In viewing the STM images, the researchers observed a ring-like
object instead of the molecule that had been there before. The object,
now in a slightly different position, had shifted its position by
just one-fourth of a nanometer. It evidently jumped into a tiny
space left vacant by an irregularity in the molecular layer and
thus escaped the immobilizing grip of four molecules that surrounded
it closely on one side. An adjacent molecule on the other side confined
its further lateral motion and, in effect, contributed to forming
a bearing for rotation of the central molecule. This rotation was
responsible for the blurred, ring-like appearance of the molecule
in the STM image.
Researchers at CNRS calculated the behavior of the molecular wheel.

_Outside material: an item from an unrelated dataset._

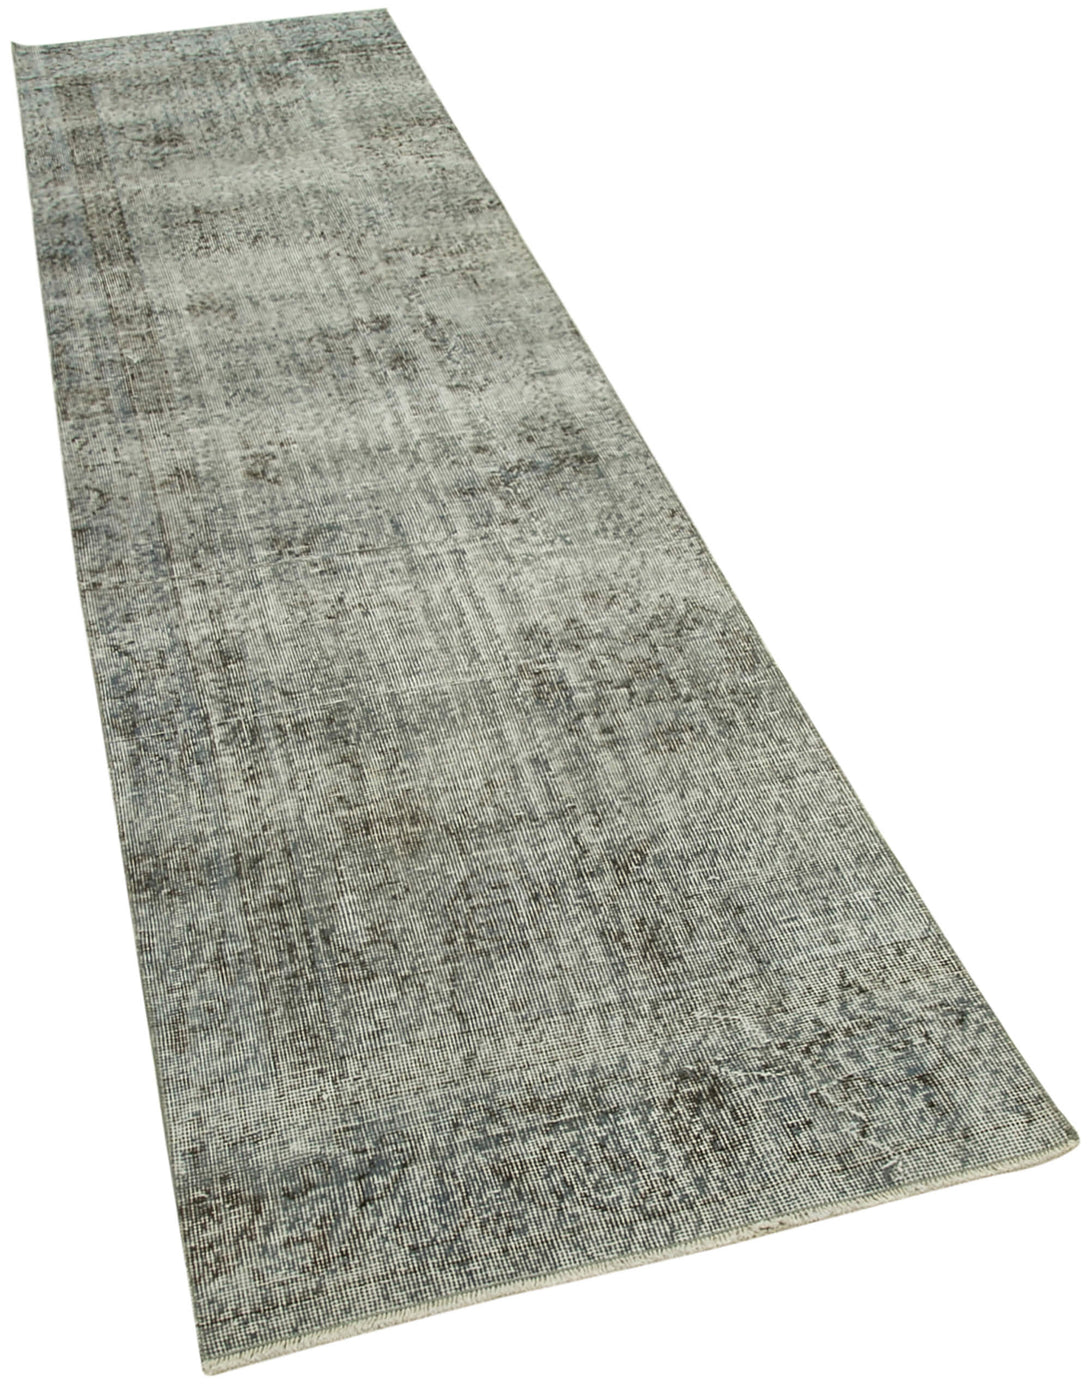 Handmade Overdyed Runner > Design# OL-AC-38122 > Size: 2'-7" x 10'-7", Carpet Culture Rugs, Handmade Rugs, NYC Rugs, New Rugs, Shop Rugs, Rug Store, Outlet Rugs, SoHo Rugs, Rugs in USA
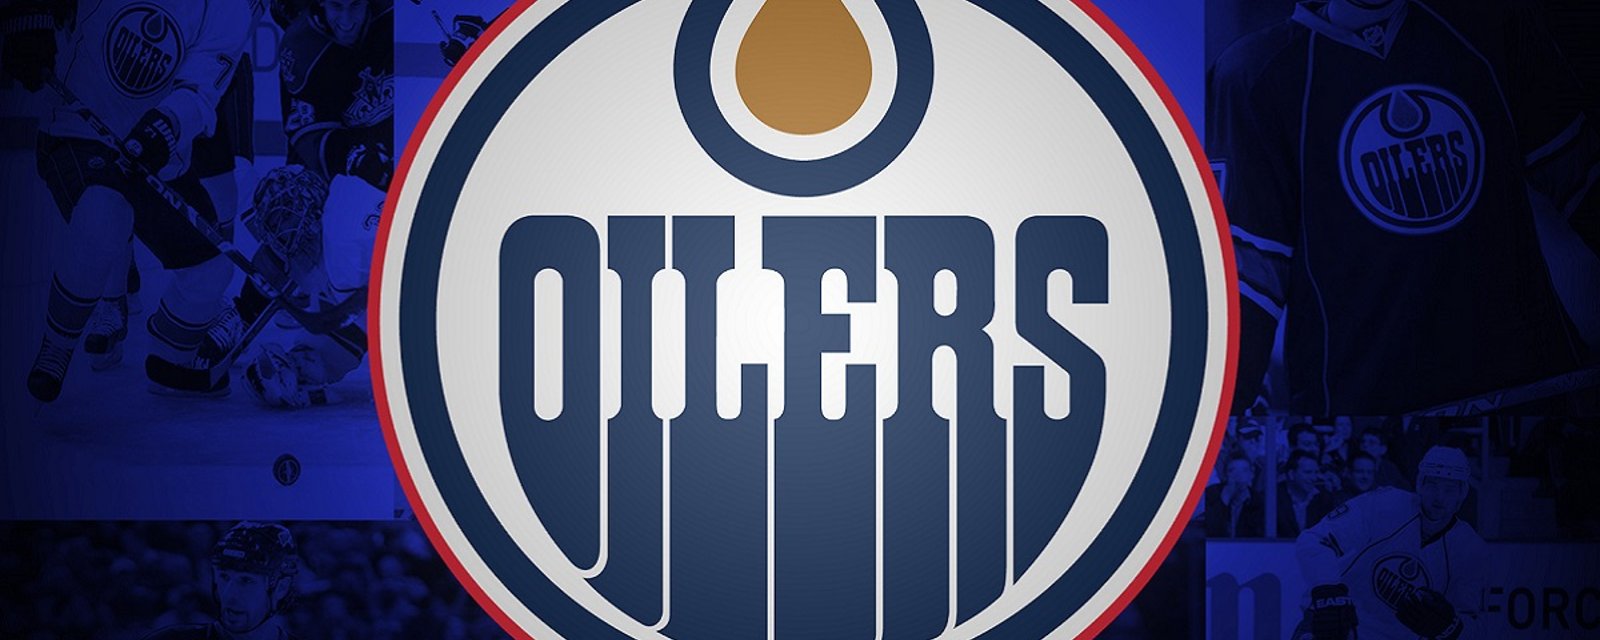 Chiarelli's best move as an Oiler may have been the trade he rejected.

"Our calculations show that the thermal energy at room temperature
is sufficient for the molecule to rotate in a bearing formed by
an irregularity in the molecular layer as observed, whereas the
proximity of molecules in a fully ordered lattice stops such movement,"
said Christian Joachim, who heads the theoretical effort at CNRS.
Such wheels may someday become the smallest conceivable components
of molecular engines.
In 1995, IBM Zurich scientists precisely positioned individual
molecules at room temperature for the first time ever. This led
in the following year to their creation of an abacus with "beads"
made of single ball-shaped molecules to demonstrate new nano-engineering
capabilities and, subsequently, to the realization of an amplifier
having a single molecule as its active part. The enabling tool for
this research is the STM, invented at IBM's Zurich Research Laboratory
in the early eighties. The STM's ultrafine tip can be used not only
to image a surface with atomic resolution, but also to manipulate
individual atoms and molecules.
The authors of the scientific report published in Science (July
24, 1998) are James K. Gimzewski, Reto R. Schlittler, and Veronique
Langlais of IBM's Zurich Research Laboratory; Christian Joachim
and Hao Tang of CEMES (Center d'Elaboration de Materiaux et d'Etudes
Structurales) at CNRS; and Ib Johannsen of the Condensed Matter
Physics and Chemistry Department at Risø National Laboratory in
Roskilde, Denmark. The project is supported by the European Union
ESPRIT project "Nanowires", which is partially funded
by the Swiss Federal Office for Education and Science.
|